Кейро глубоко вздохнула и, продолжая рассеянно водить рукой по его груди, нырнула под промокшую рубашку. — Ты великолепно сложен, Лоутон.

— Благодарю вас, рад, что я вам нравлюсь. — Губы Лоутона растянулись в глуповатой улыбке. Его забавляла нетрезвая болтовня Кейро.

— Ты нравишься мне даже слишком, так что это не идет мне на пользу, — задумчиво продолжала она, — а это уже лишнее, раз нам скоро предстоит расстаться.

От этих слов в душе Лоутона снова родились подозрения. За последние несколько часов он ни разу не вспоминал о том, что эта женщина задумала погубить его, чтобы отомстить за смерть бандита, приходившегося ей братом.

Взяв Кейро за подбородок, Лоутон пристально посмотрел ей в глаза:

— Ты все еще не раздумала, несмотря на то что я любил тебя, а ты любила меня?

В том состоянии, в котором находилась Кейро, эта мысль показалась ей слишком сложной. Она не поняла ровным счетом ничего, за исключением последних слов: «Я любил тебя, а ты любила меня».

— Ты не умеешь любить, — сонно пробормотала Кейро и зевнула. — У тебя даже нет сердца.
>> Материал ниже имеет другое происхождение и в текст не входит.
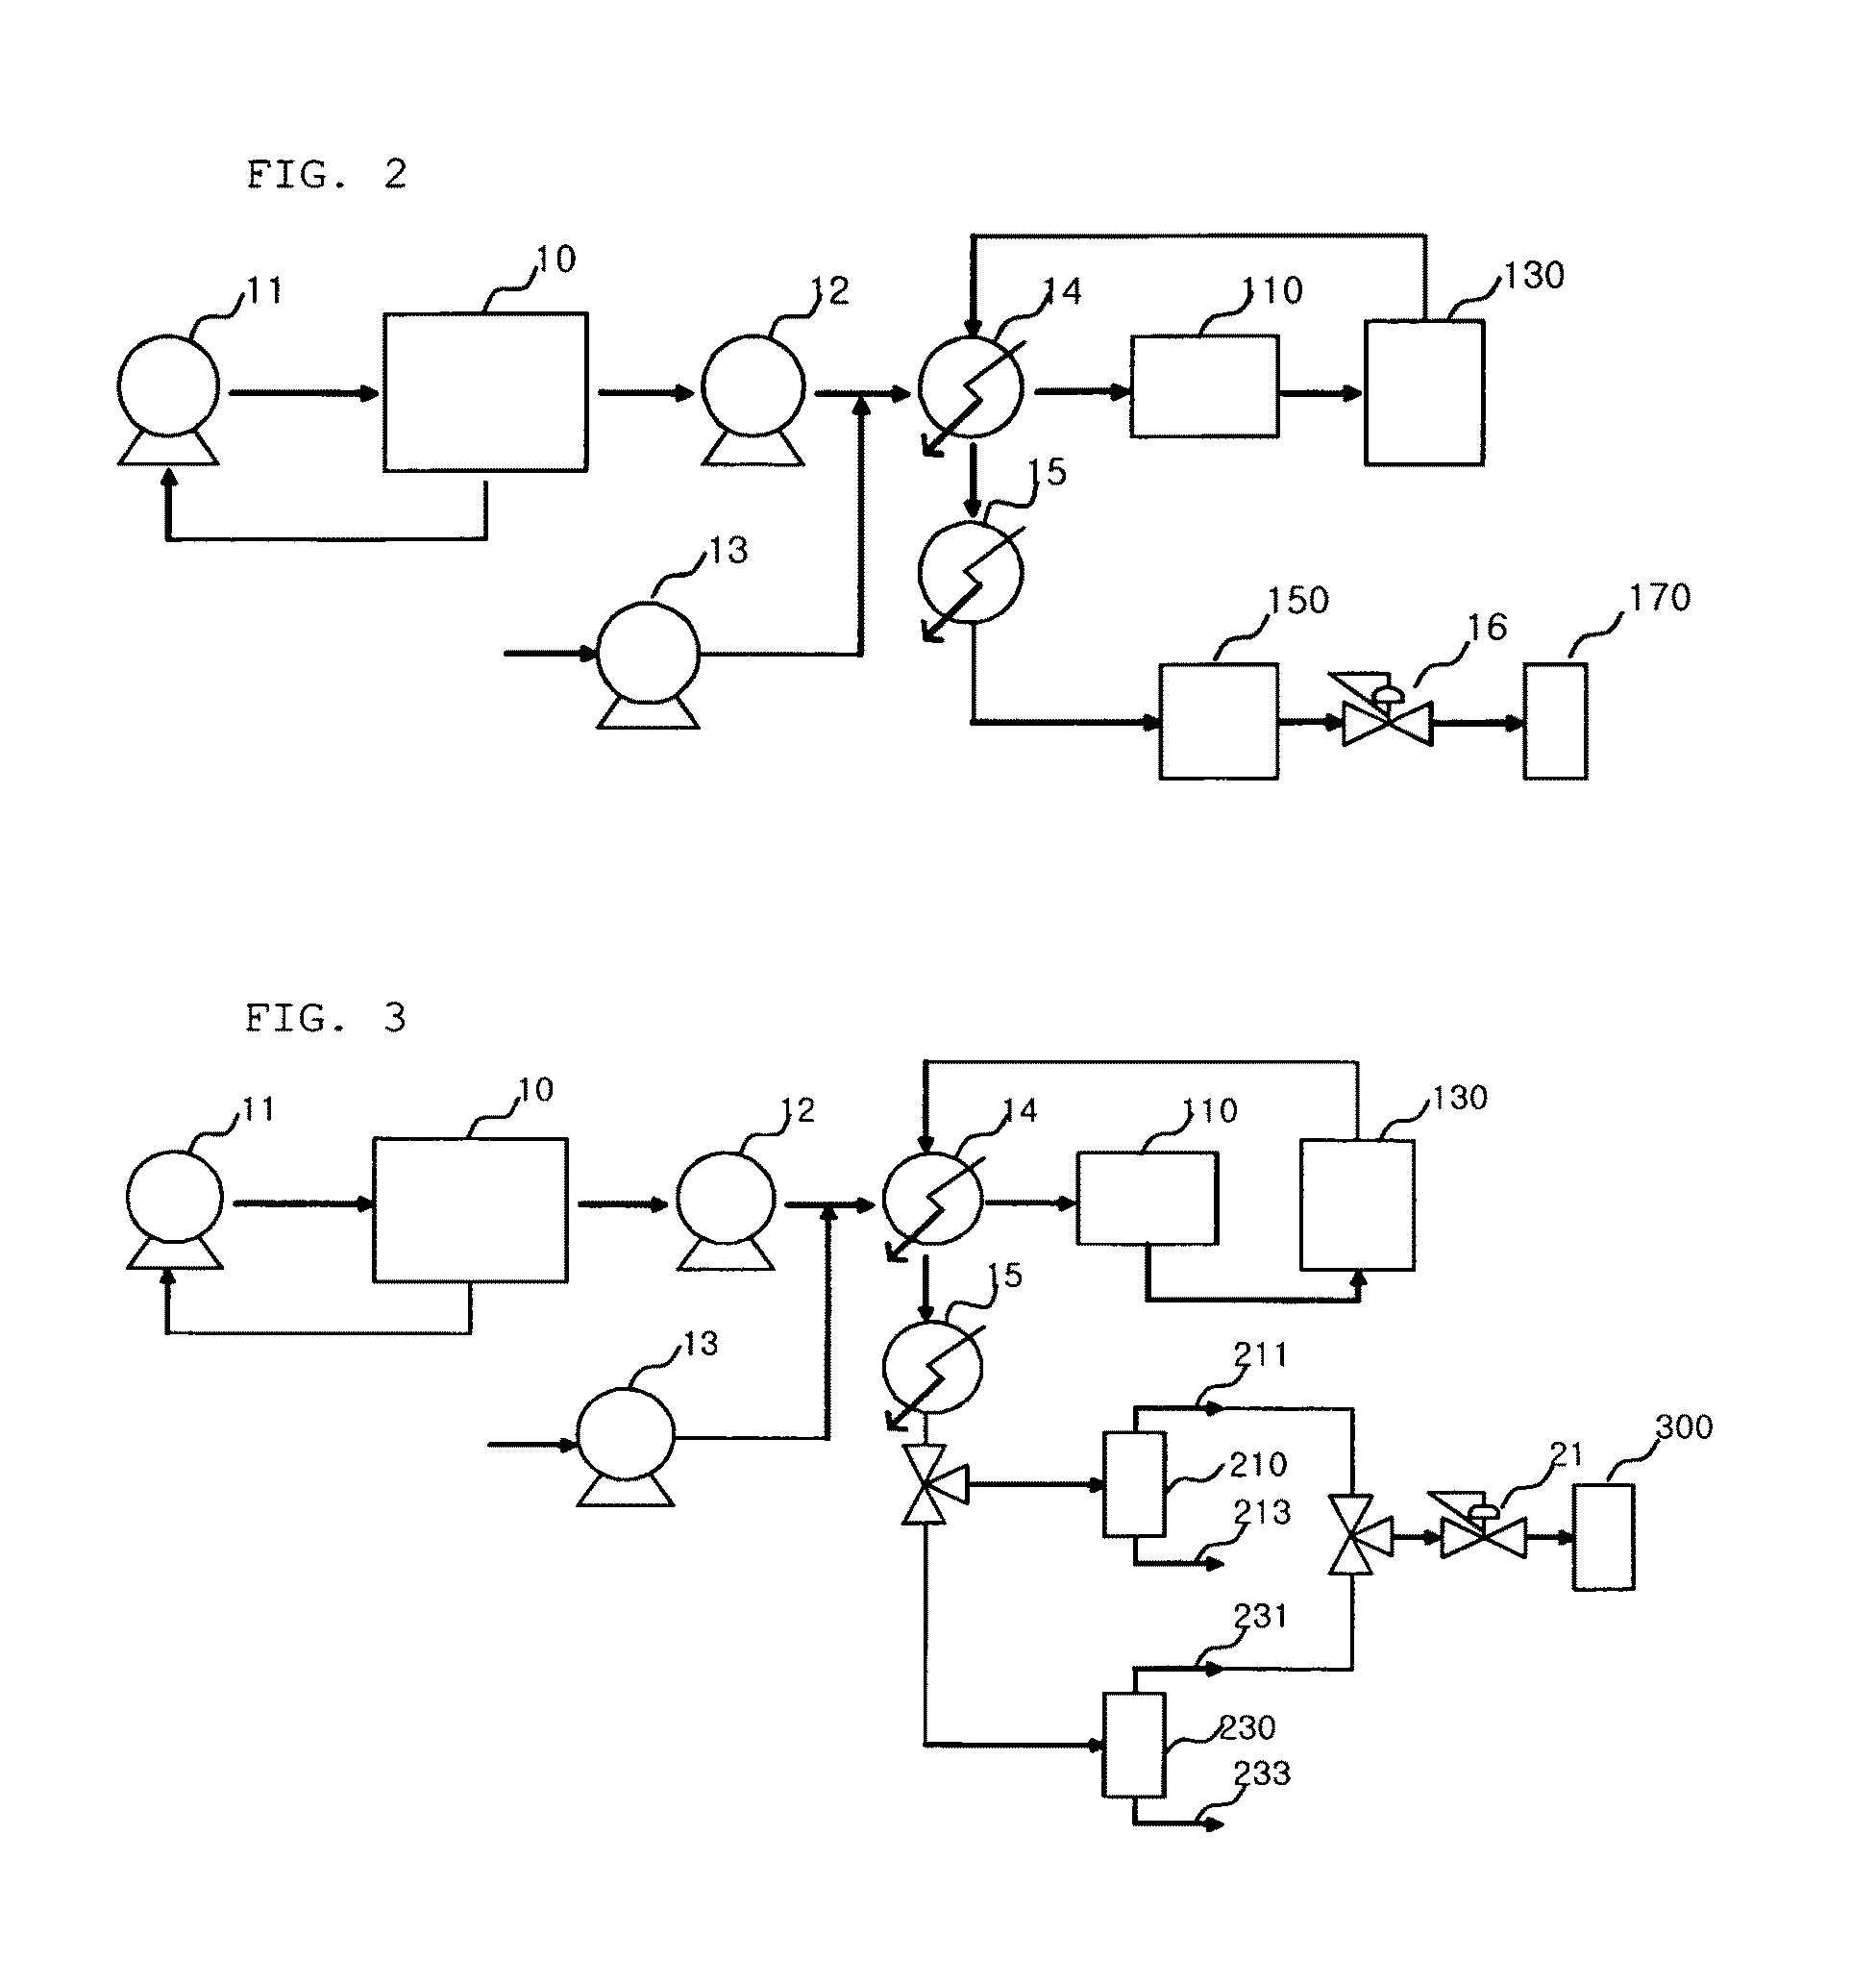 Continuous methods and apparatus of functionalizing carbon nanotube
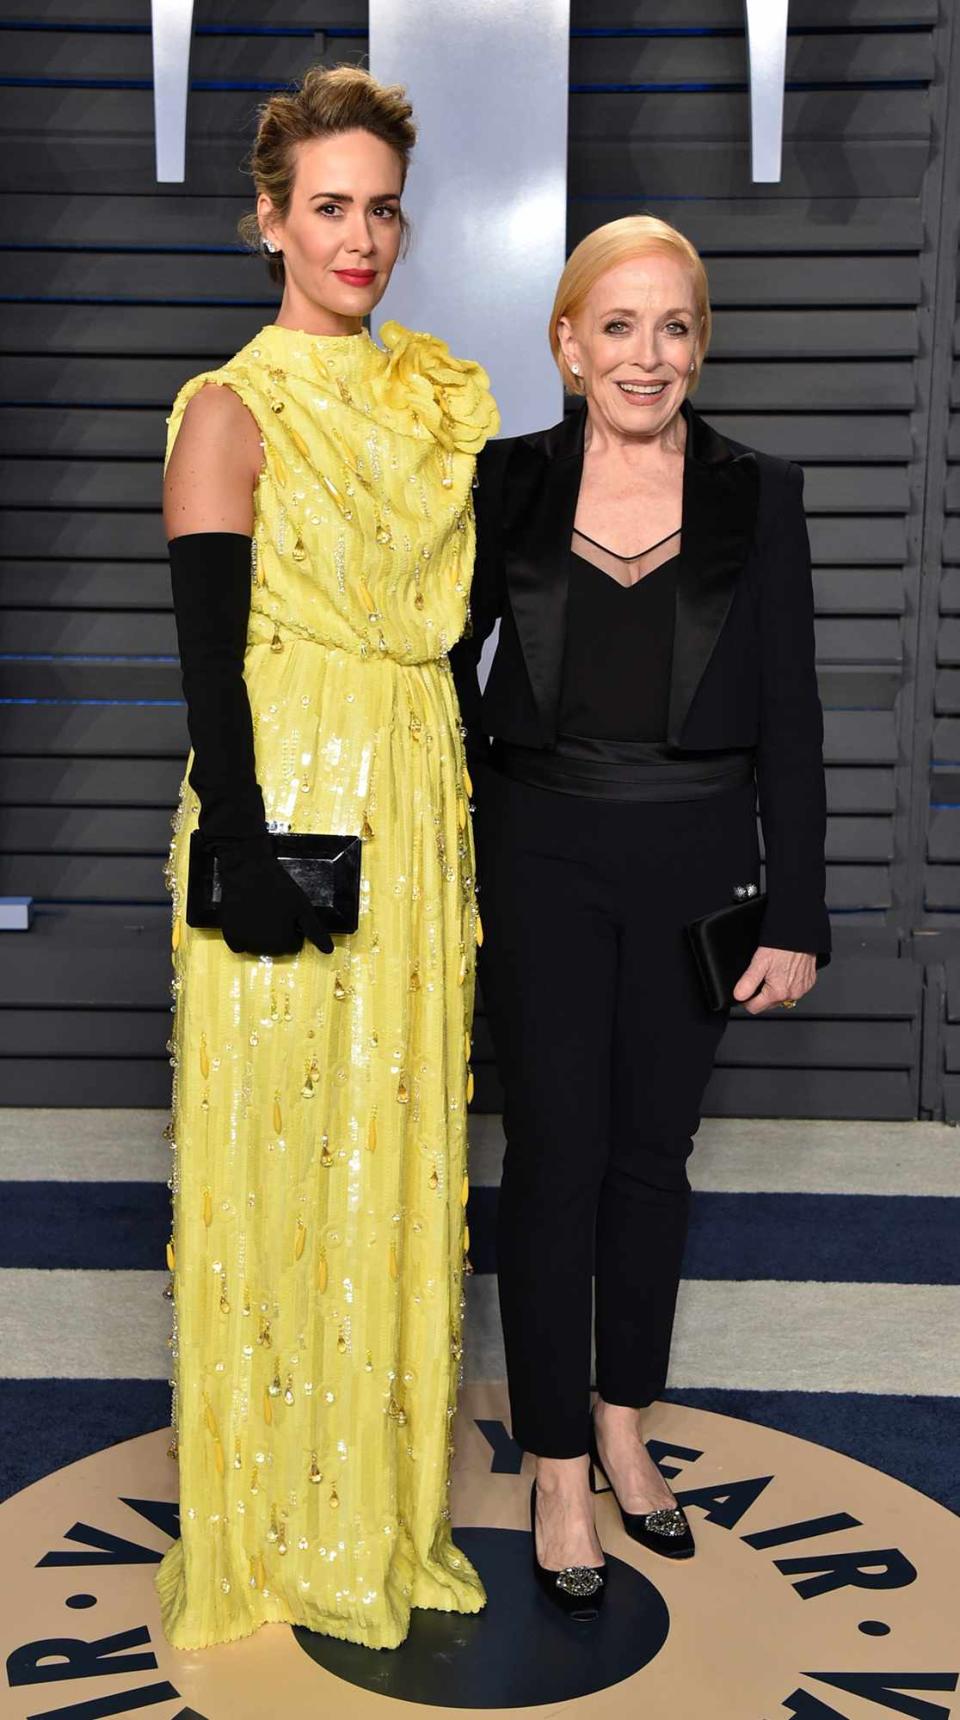 Sarah Paulson (L) and Holland Taylor attend the 2018 Vanity Fair Oscar Party hosted by Radhika Jones at Wallis Annenberg Center for the Performing Arts on March 4, 2018 in Beverly Hills, California

К тому же должна заметить, что дело не только в любви.

Лоутон недоверчиво покачал головой. Он и сам не понимал, почему его так волновал этот разговор. Кейро слишком много выпила, чтобы что-нибудь соображать, что болтает ее язык.

— Давай просто забудем об этом, — предложил Лоутон. — Вернемся в город, и ты ляжешь в постель.

Не дожидаясь ответа, он обхватил Кейро за талию и начал спускаться вниз. Неожиданно ее веселость сменилась рыданиями. Благополучно спустившись на землю, Лоутон поставил Кейро перед собой.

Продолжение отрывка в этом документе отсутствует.